_TASK TO CARRY OUT_
The answer is to be the data that follows, transcribed exactly, minus its pictures.

_INPUT DATA_
++++++++++++++++++++
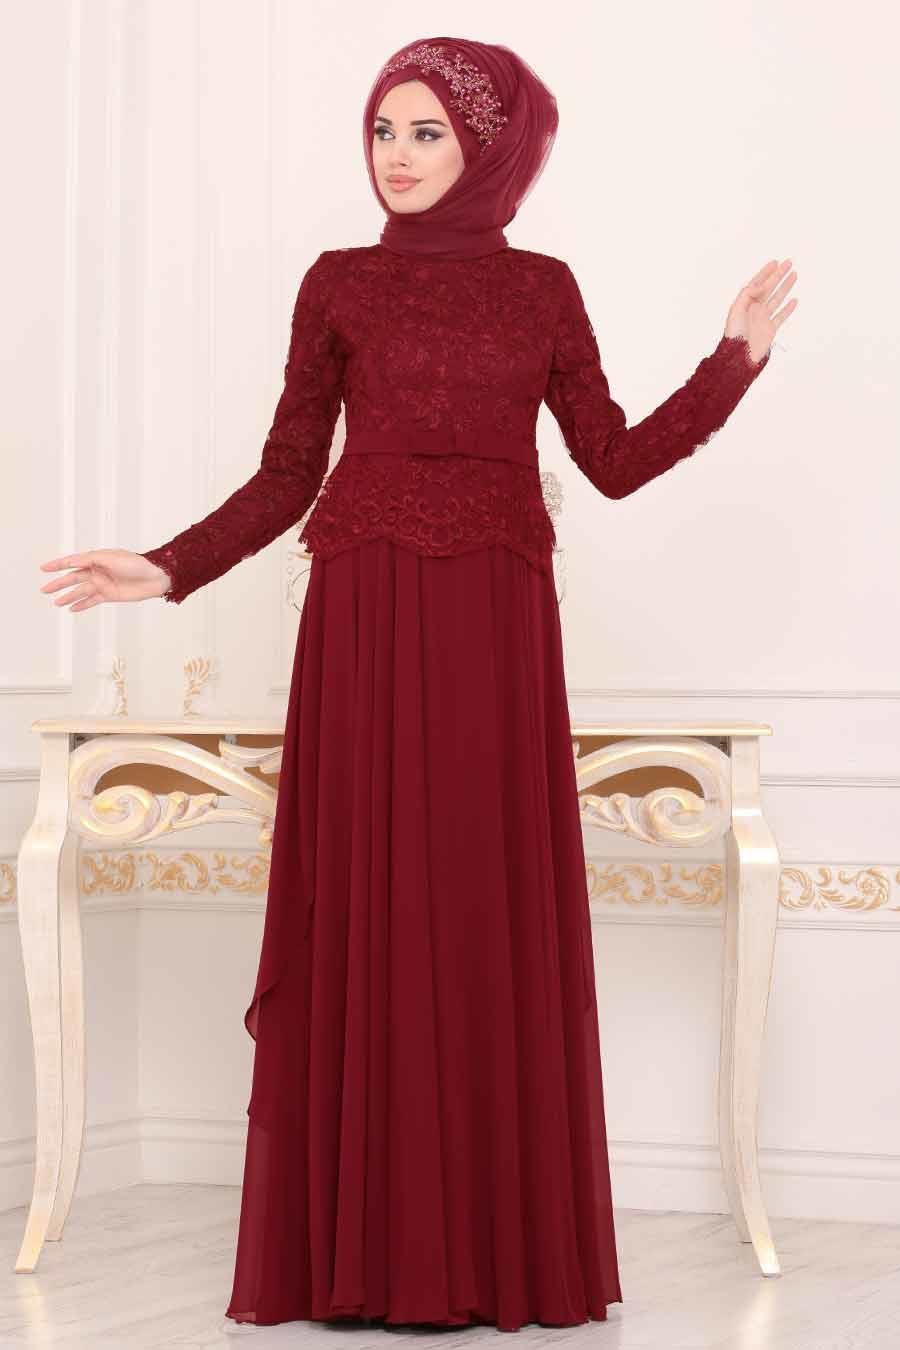 Tesettürlü Abiye Elbise - Dantel İşlemeli Bordo Tesettür Abiye Elbise 86470BR
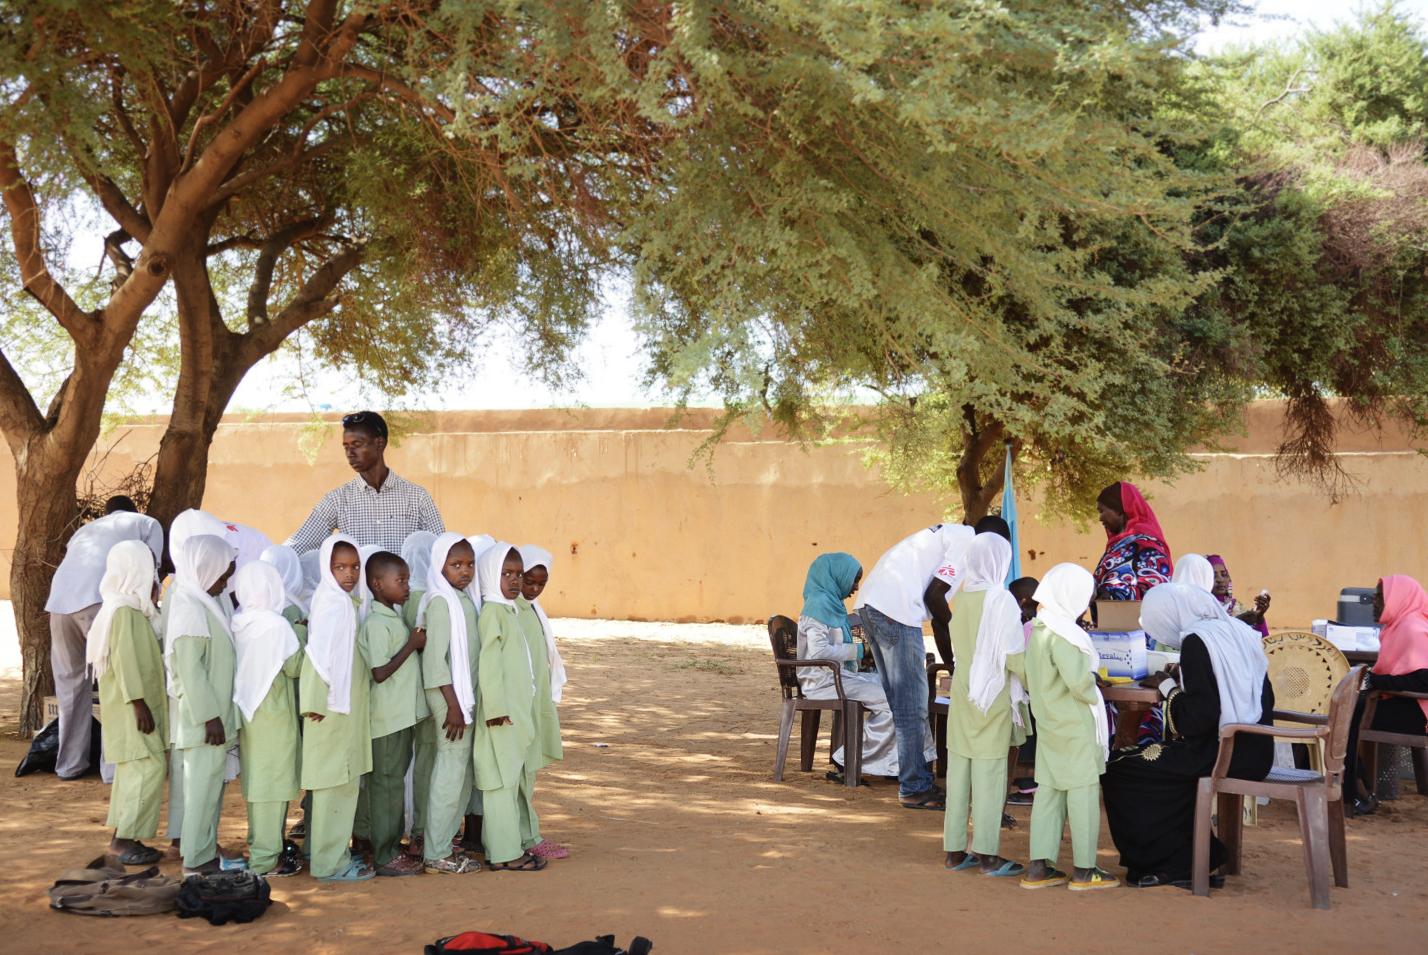 Koulun oppilaat jonottavat rokotusta koulupuvuissaan.
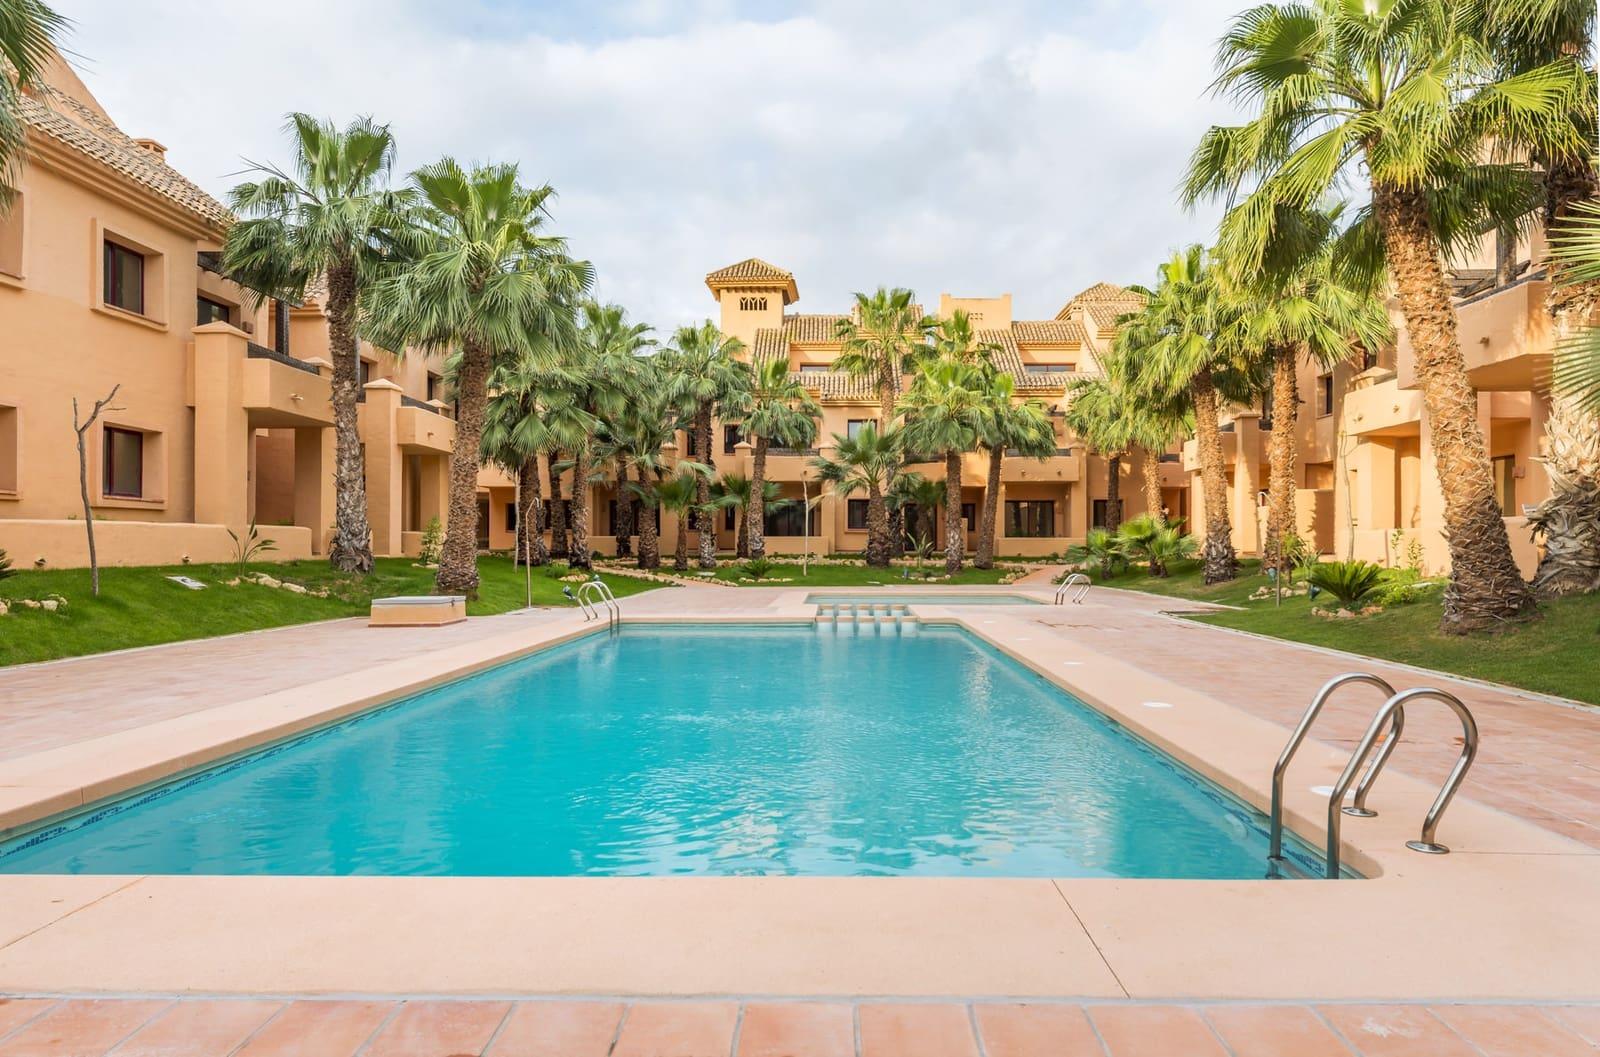 Apartamento de 2 habitaciones en Los Alcázares en venta con piscina garaje - 98.500 € (Ref: 4739035)
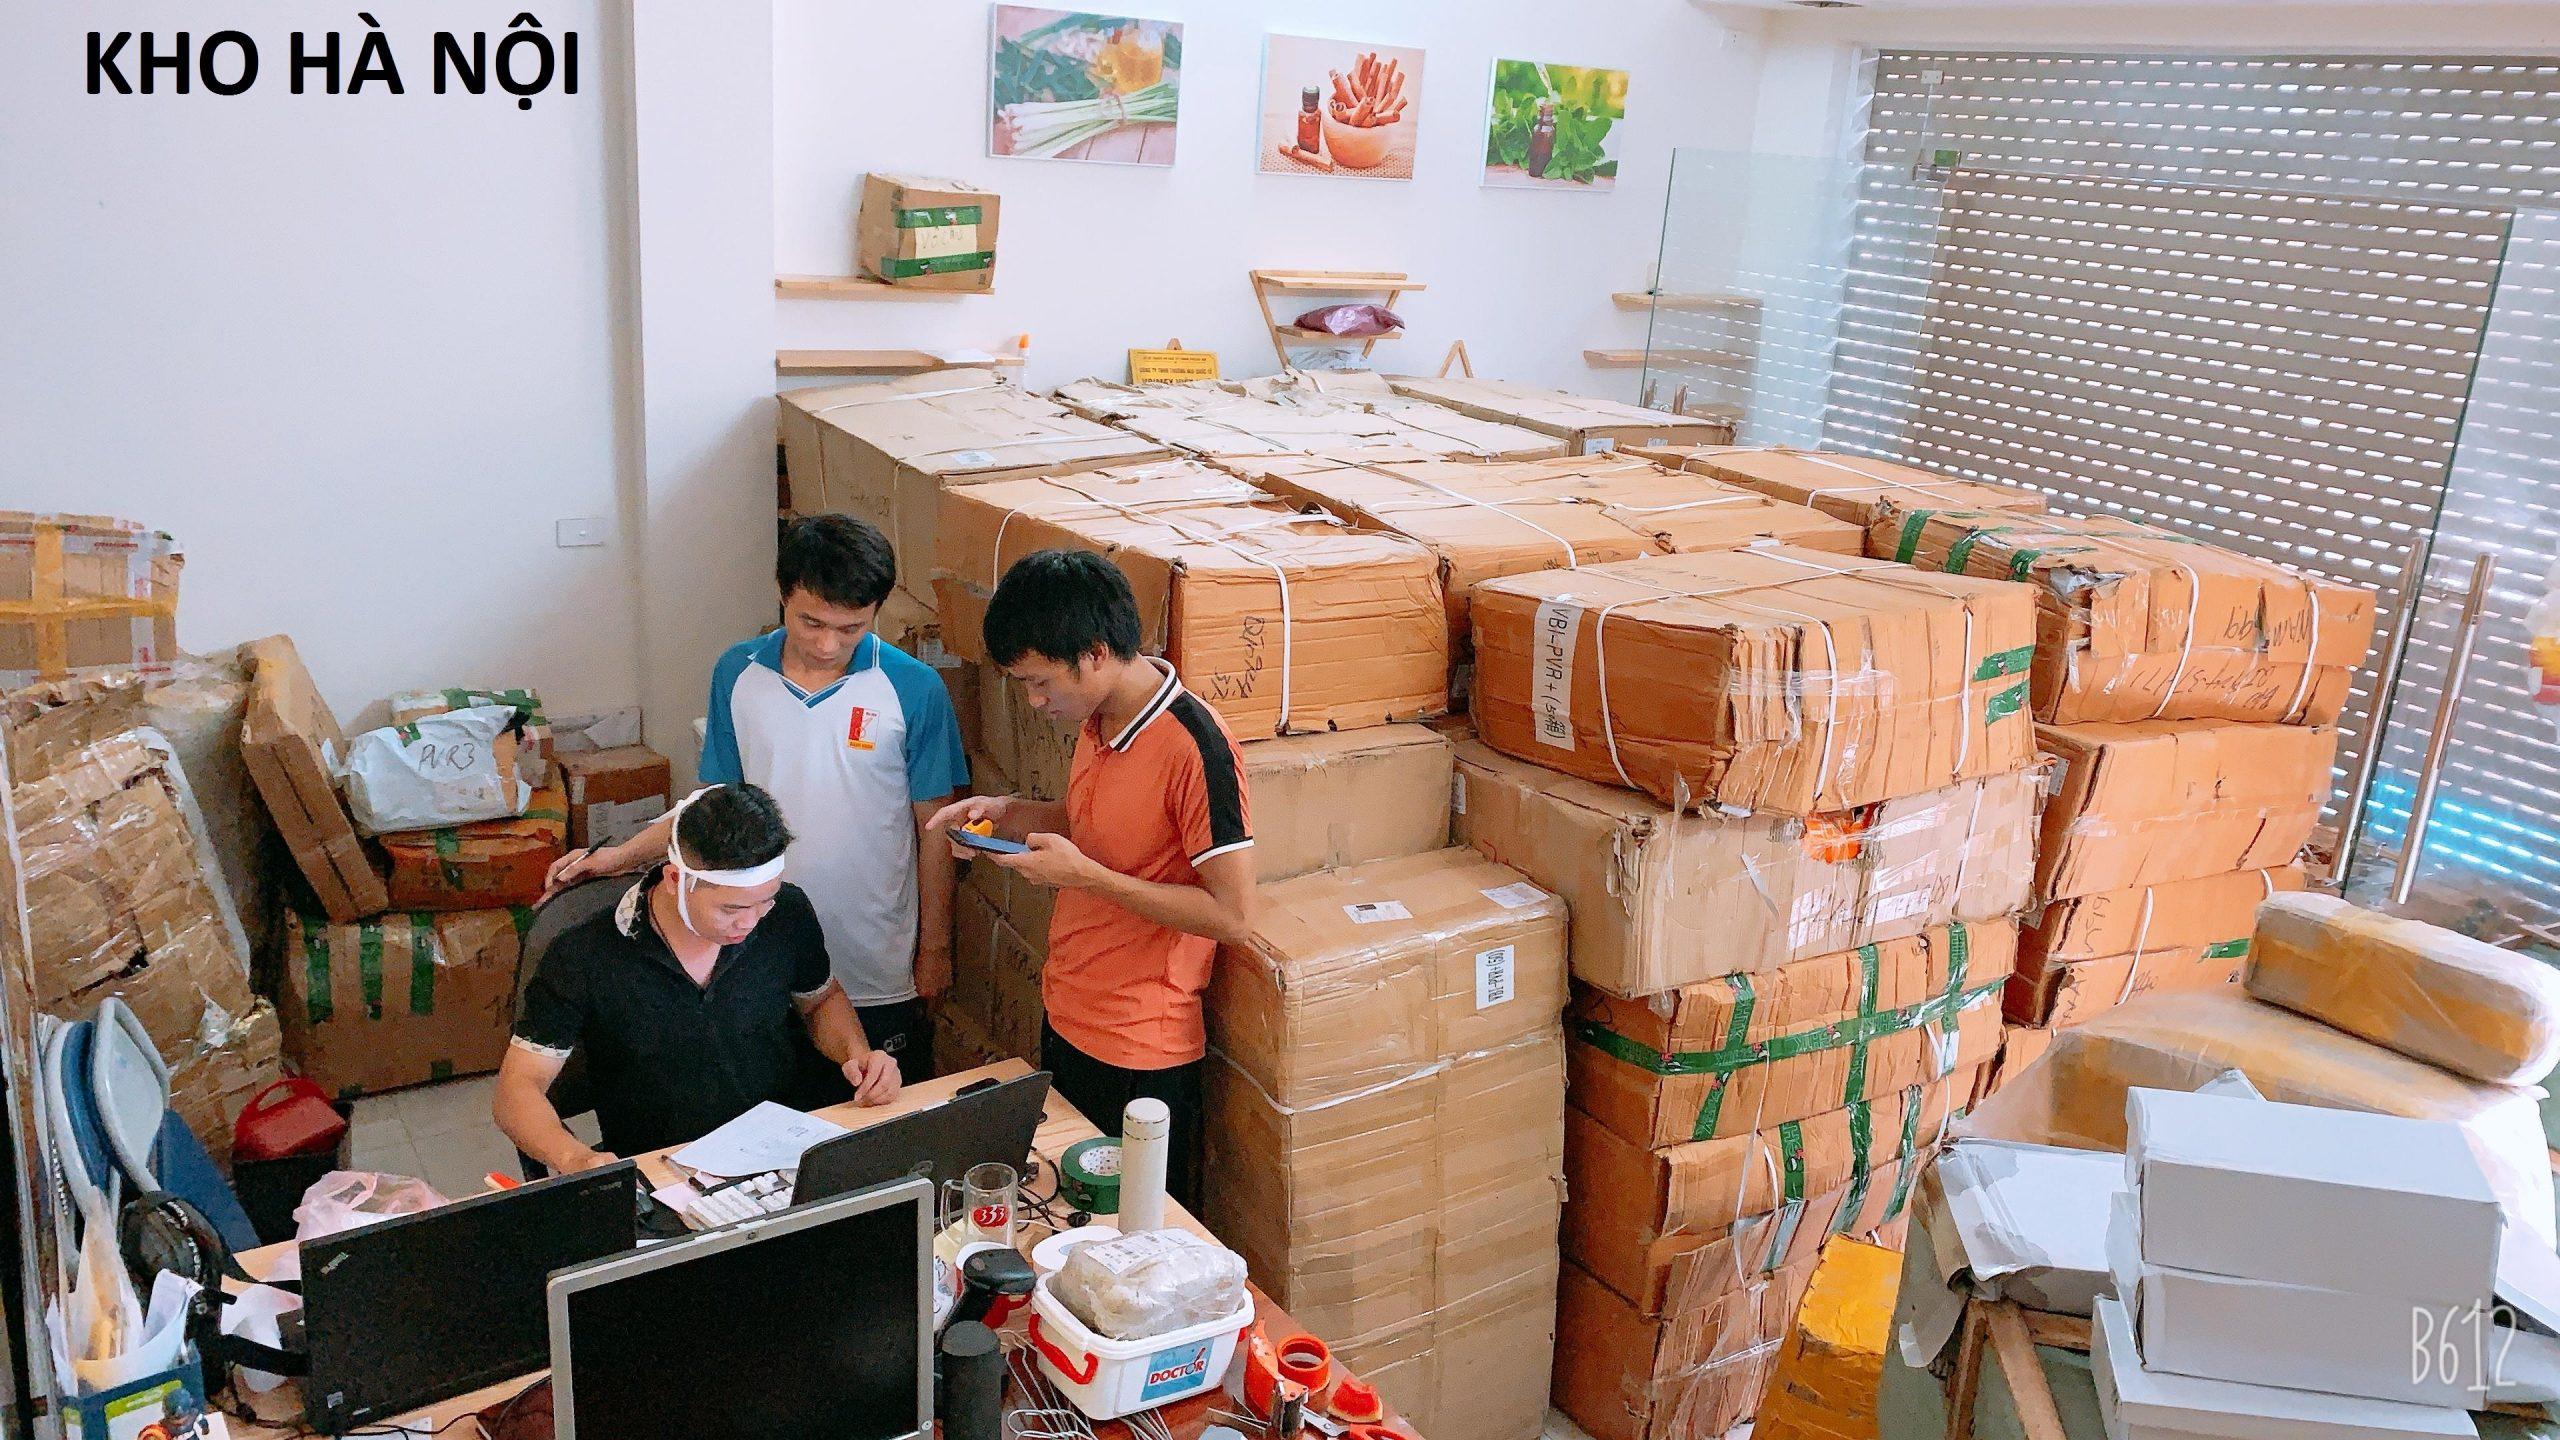 Vận chuyển và order hàng
++++++++++++++++++++
_YOUR RESPONSE_
 Tesettürlü Abiye Elbise - Dantel İşlemeli Bordo Tesettür Abiye Elbise 86470BR
 Koulun oppilaat jonottavat rokotusta koulupuvuissaan.
 Apartamento de 2 habitaciones en Los Alcázares en venta con piscina garaje - 98.500 € (Ref: 4739035)
 Vận chuyển và order hàng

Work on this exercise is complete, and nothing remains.